Тут она обернулась и увидела Мержи, стоявшего возле одного из входов в беседку. От неожиданности она так пронзительно вскрикнула, что ее испуг передался Бернару. Старуха не то нечаянно, не то нарочно опрокинула жаровню, и яркое пламя, взметнувшееся до самых верхушек лип, на несколько мгновений ослепило Мержи. Обе женщины юркнули в другой выход. Углядев лазейку в кустарнике, Мержи, нимало не медля, пустился за ними вдогонку, но, споткнувшись на какой-то предмет, чуть было не упал. Это оказалась та самая шпага, коей он был обязан своим исцелением. Чтобы спрятать шпагу и выйти на дорогу, потребовалось время. Когда же он выбрался на широкую, прямую аллею и решил, что теперь-то ничто не помешает ему нагнать беглянок, калитка захлопнулась. Обе женщины были вне досягаемости.
Слегка уязвленный тем, что выпустил из рук столь прекрасную добычу, Мержи ощупью добрался до своей комнаты и повалился на кровать. Все мрачные мысли вылетели у него из головы, все угрызения совести, если только они у него были, все тревожные чувства, какие могло ему внушить его положение, исчезли точно по волшебству. Теперь он думал о том, какое счастье любить самую красивую женщину во всем Париже и быть любимым ею, а что дама под вуалью - г-жа де Тюржи, это для него сомнению не подлежало. Уснул он вскоре после восхода солнца, а проснулся уже белым днем. На подушке он нашел запечатанную записку, неизвестно как сюда попавшую. Он распечатал ее и прочел:
"Кавалер! Честь дамы зависит от Вашей скромности".
Спустя несколько минут вошла старуха и принесла ему бульону. Сегодня у нее, против обыкновения, висели на поясе крупные четки. Лицо она старательно вымыла, и кожа на нем напоминала уже не медь, а закопченный пергамент. Ступала она медленно, опустив глаза, - так идет человек, который боится, как бы земные предметы не отвлекли его от выспренных созерцаний.
Мержи решил, что, дабы наилучшим образом выказать ту добродетель, коей требовала от него таинственная записка, ему прежде всего надлежит получить точные сведения, что именно он должен от всех скрывать. Он взял у старухи тарелку и, прежде чем она успела дойти до двери, проговорил:
- А вы мне не сказали, что вас зовут Камиллой.
- Камиллой?.. Меня Мартой зовут, господин хороший... Мартой Мишлен, - делая вид, что Мержи ее крайне удивил, молвила старуха.
- Ну хорошо, Мартой так Мартой, но этим именем вы велите себя звать людям, а с духами вы знаетесь под именем Камиллы.
- С духами?.. Иисусе сладчайший! Что это вы такое говорите?
Она осенила себя широким крестом.
- Полно, не стройте из меня дурачка! Я никому не скажу, этот разговор останется между нами. Кто эта дама, которая так беспокоится о моем здоровье?
- Какая дама?..
- Полно, не виляйте, говорите начистоту. Даю вам слово дворянина, я вас не выдам.
- Право же, господин хороший, я не понимаю, о чем вы толкуете.
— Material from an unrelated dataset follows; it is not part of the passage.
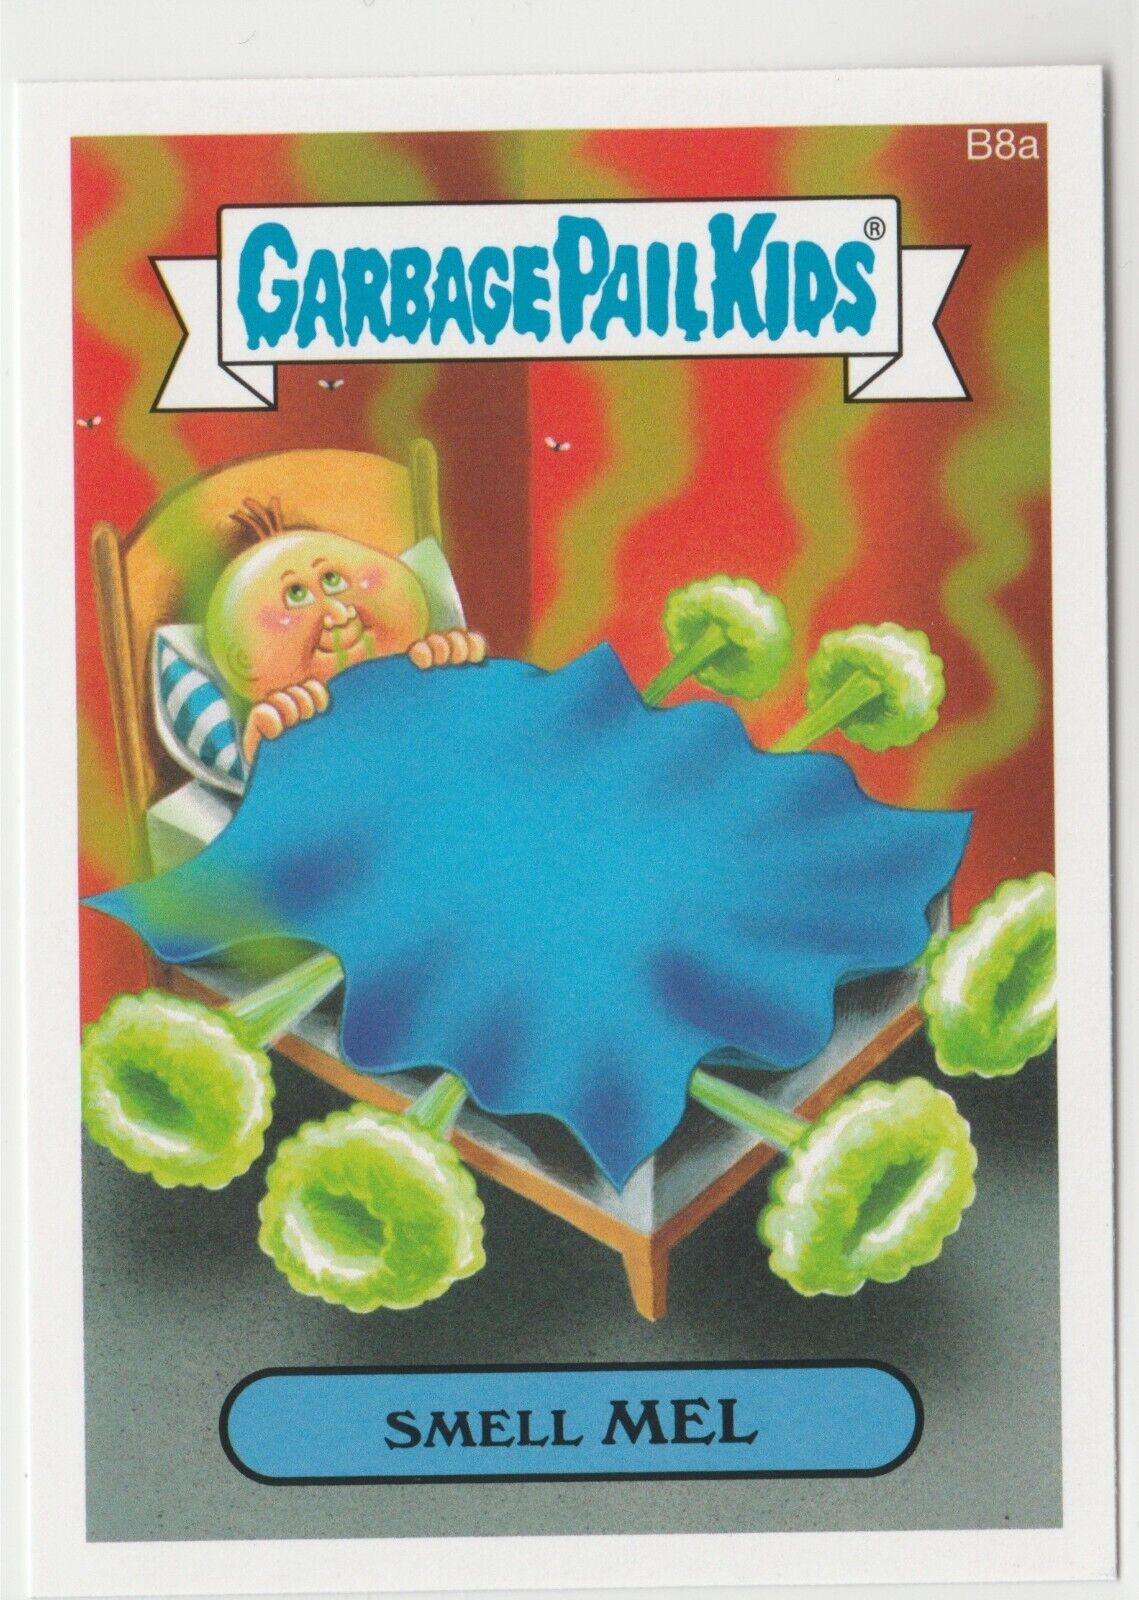 2015 Topps Garbage Pail Kids Series 1 Smell Mel B8a BONUS STICKER GPK 3490

Мержи, видя, как она прикидывается изумленной и прикладывает руку к сердцу, не мог удержаться от смеха. Он вынул из кошелька, висевшего у него над изголовьем, золотой и протянул старухе.
- Возьмите, добрая Камилла. Вы так обо мне заботитесь и до того тщательно натираете скорпионьим жиром шпаги, чтобы я поскорей поправился, что, откровенно говоря, мне давно уже следовало что-нибудь вам подарить.
- Да что вы, господин! Ну право же, ну право же, мне невдомек!
- Слушайте, вы, Марта, или, черт вас там знает, Камилла, не злите меня, извольте отвечать! Кто эта дама, для которой вы минувшей ночью так забавно ворожили?
- Господи Иисусе! Он осерчал... Уж не начинается ли у него бред?
Мержи, выйдя из терпения, швырнул подушку прямо старухе в голову. Та смиренно положила подушку на место, подобрала упавшую на пол золотую монету, но тут вошел капитан и избавил ее от допроса, последствий которого она опасалась.
King Henry IV
Thou dost belie him, Percy, thou dost belie him.
Shakespeare. King Henry IV
Король Генрих IV
Налгал ты, Перси, на него, налгал.
Шекспир. Король Генрих IV (англ.).
[80]
В то же утро Жорж отправился к адмиралу поговорить о брате. В двух словах он рассказал ему, в чем состоит дело.
Адмирал, слушая его, грыз зубочистку - то был знак неудовольствия.
- Мне это уже известно, - сказал он. - Не понимаю, зачем вам понадобилось рассказывать о происшествии, о котором говорит весь город.
- Я докучаю вам, господин адмирал, единственно потому, что знаю вашу неизменную благосклонность к нашей семье, и смею надеяться, что вы будете так добры и замолвите перед королем слово о моем брате. Ваше влияние на его величество...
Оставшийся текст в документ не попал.